┏━━
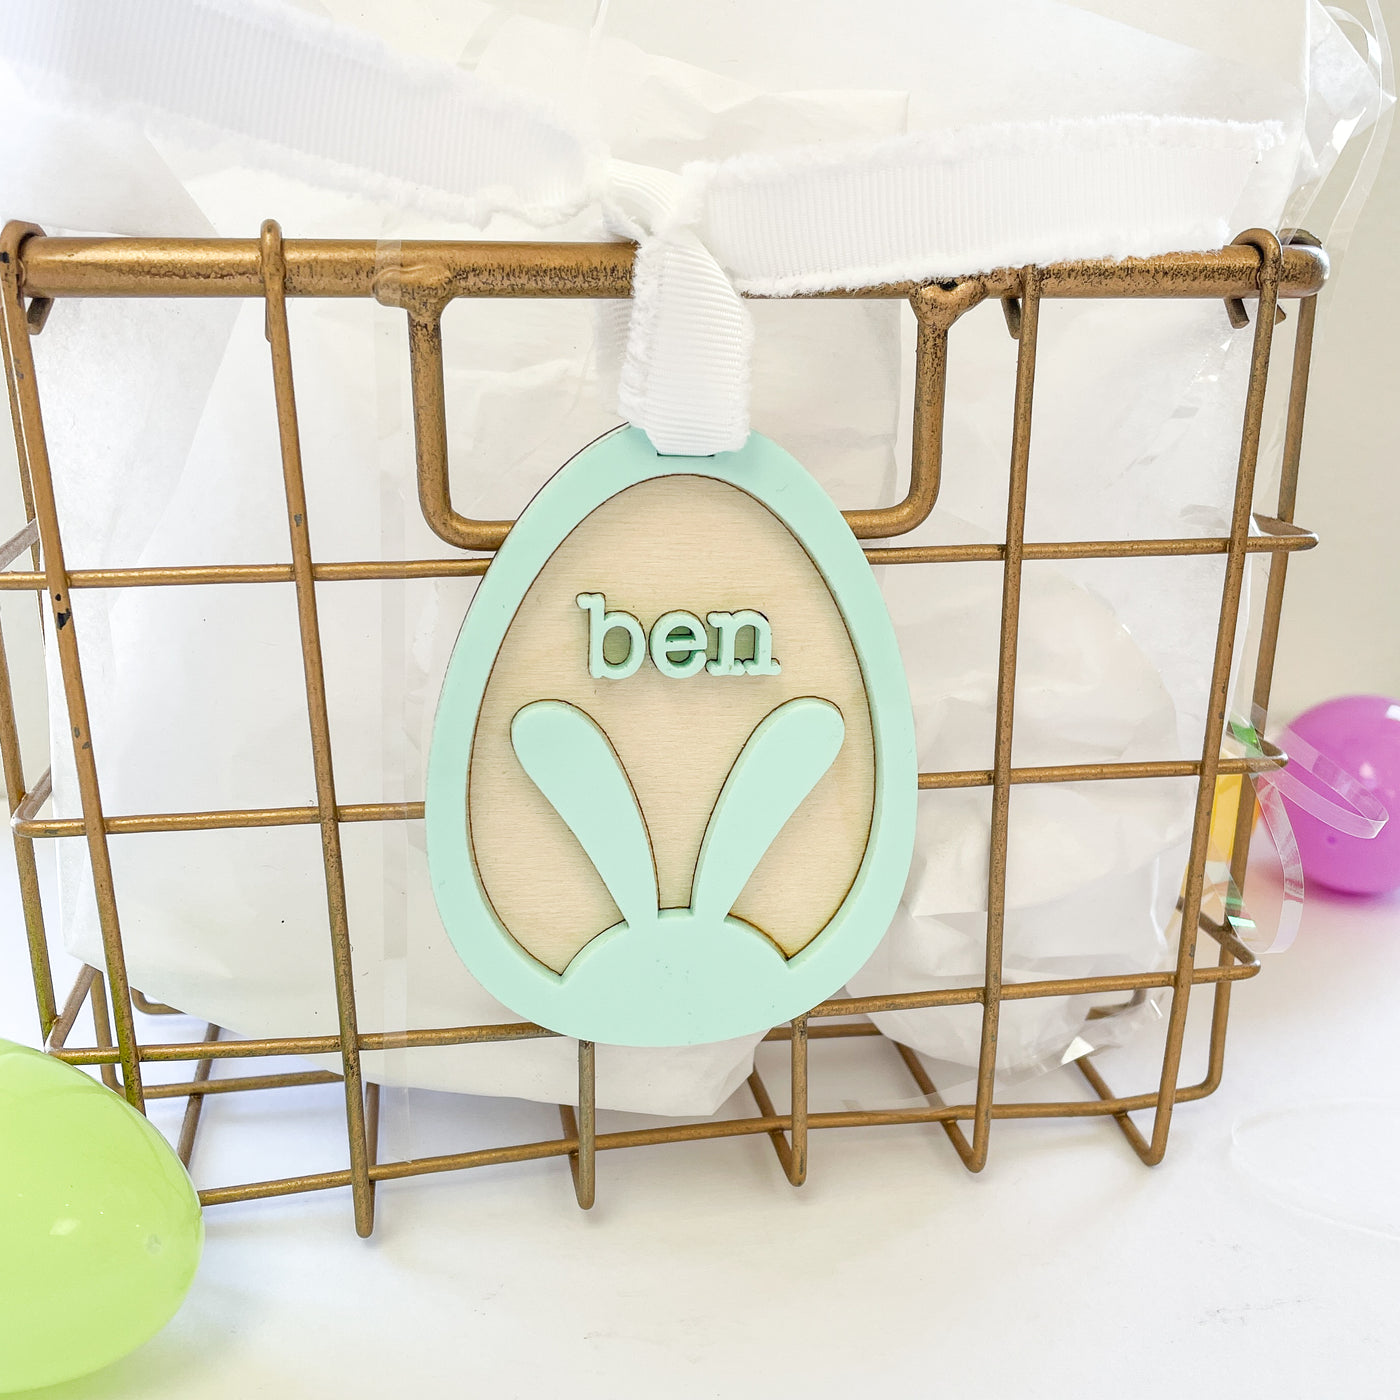 Personalized Easter Basket Tags, Egg Shape
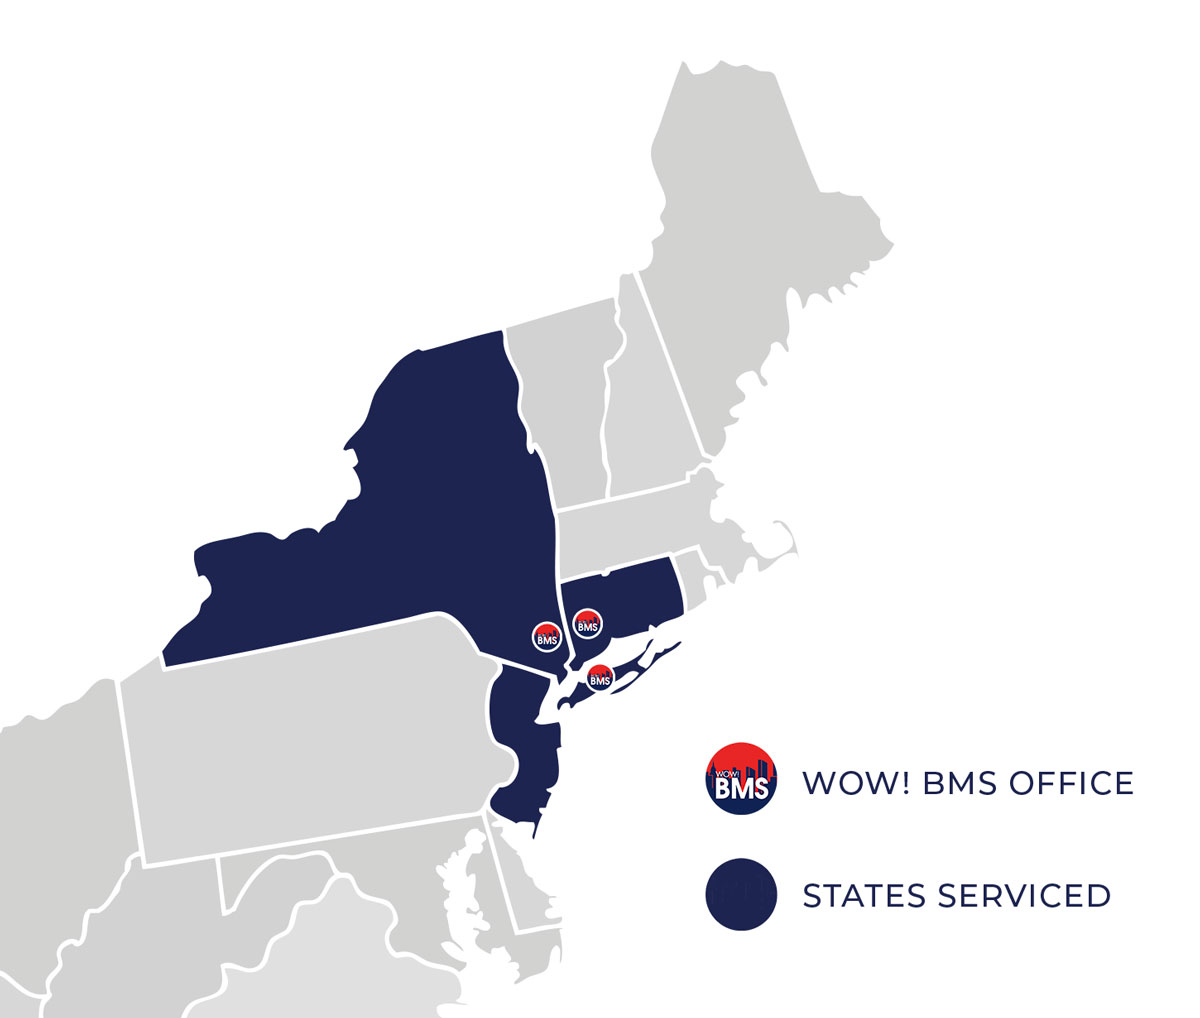 Map of Northeast USA with New York, New Jersey, and Connecticut colored in dark blue and the WOW! BMS logo in the 3 office locations.
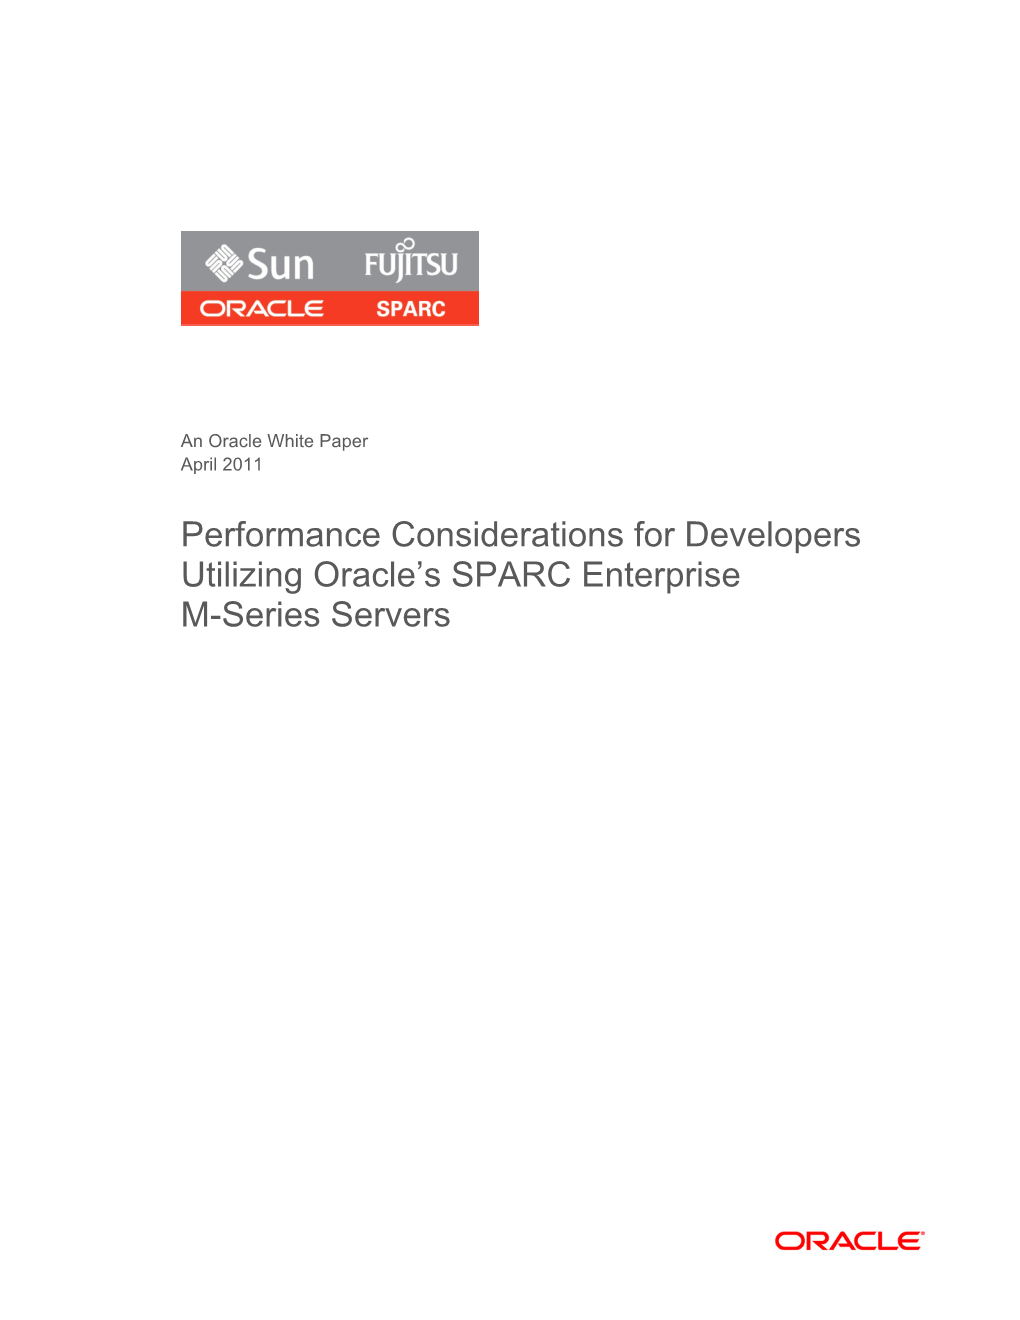 Performance Considerations for Developers Utilizing Oracle’S SPARC Enterprise M-Series Servers
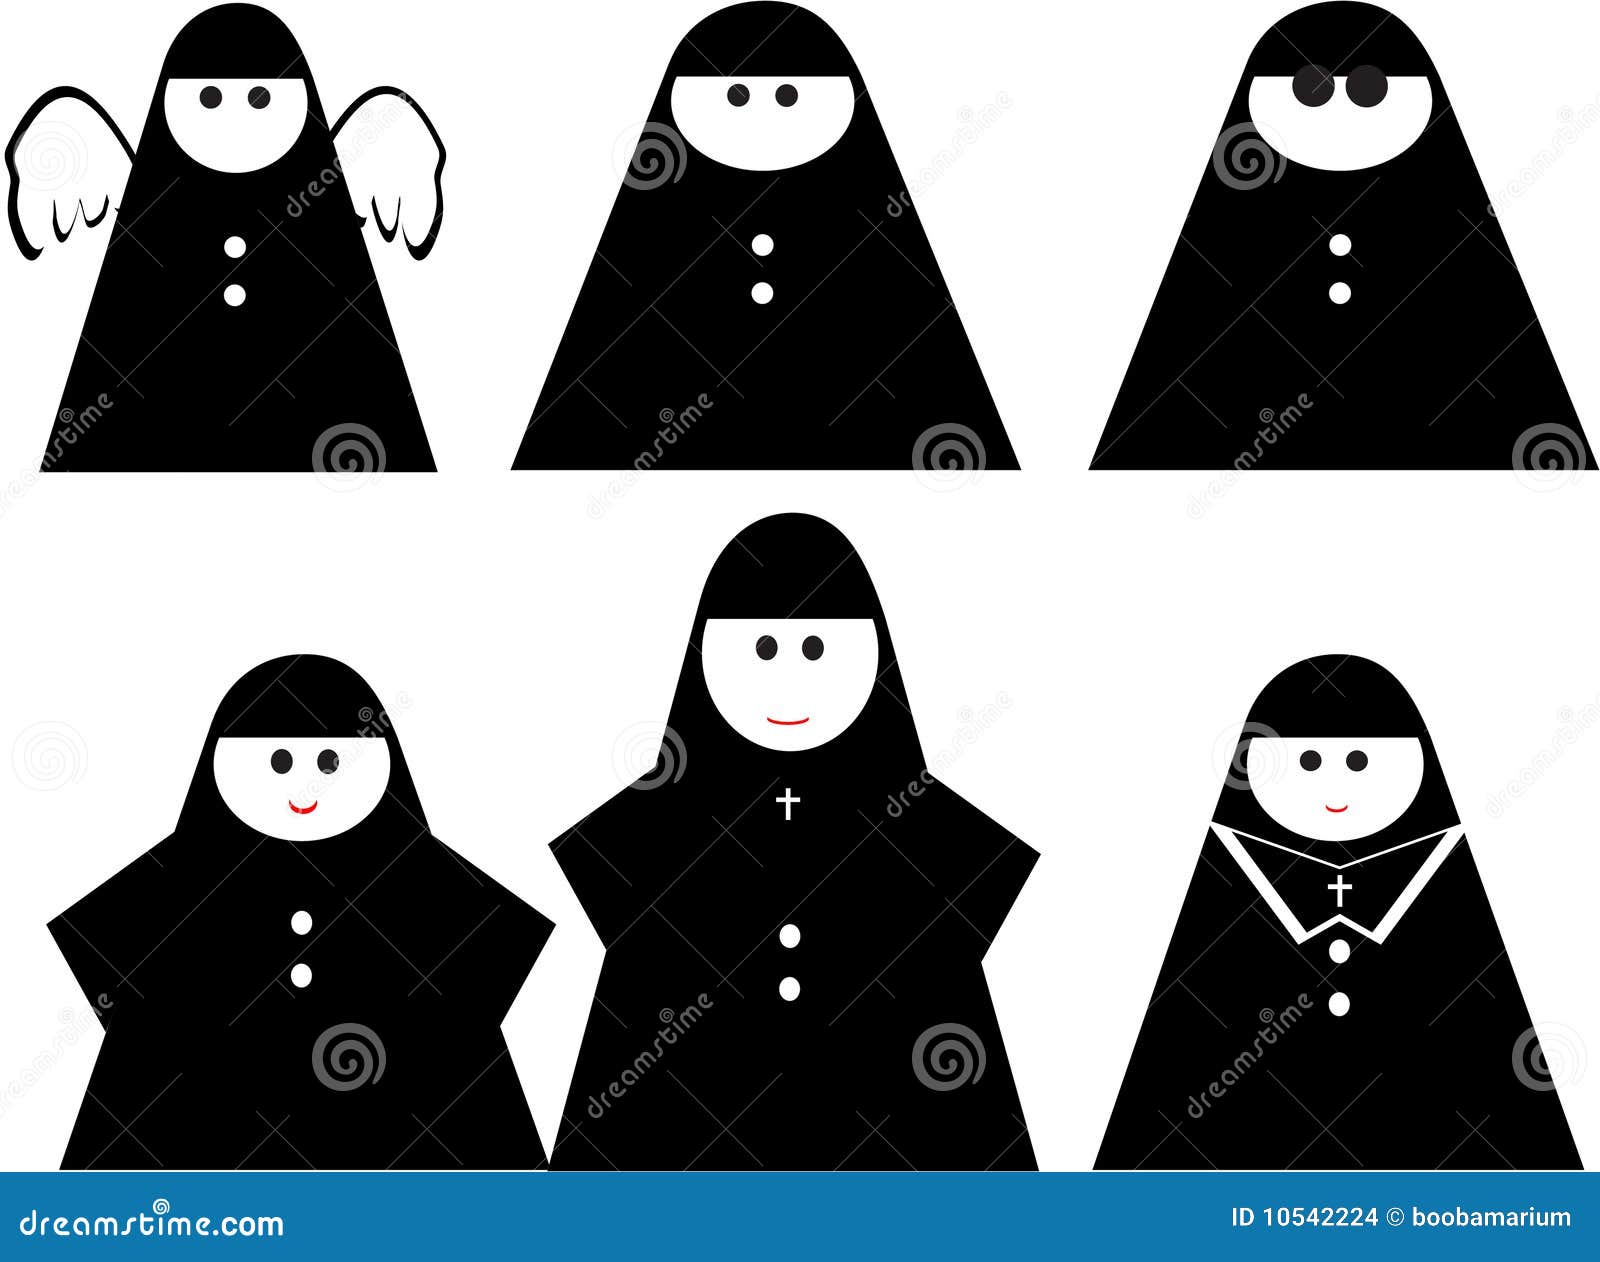 funny nun clipart images - photo #25
┗━━
PROBLEM STATEMENT: Give the data above again, exactly, with every picture removed.

EXERCISE OUTPUT:
 Personalized Easter Basket Tags, Egg Shape
 Map of Northeast USA with New York, New Jersey, and Connecticut colored in dark blue and the WOW! BMS logo in the 3 office locations.
 Performance Considerations for Developers Utilizing Oracle’S SPARC Enterprise M-Series Servers
 funny nun clipart images - photo #25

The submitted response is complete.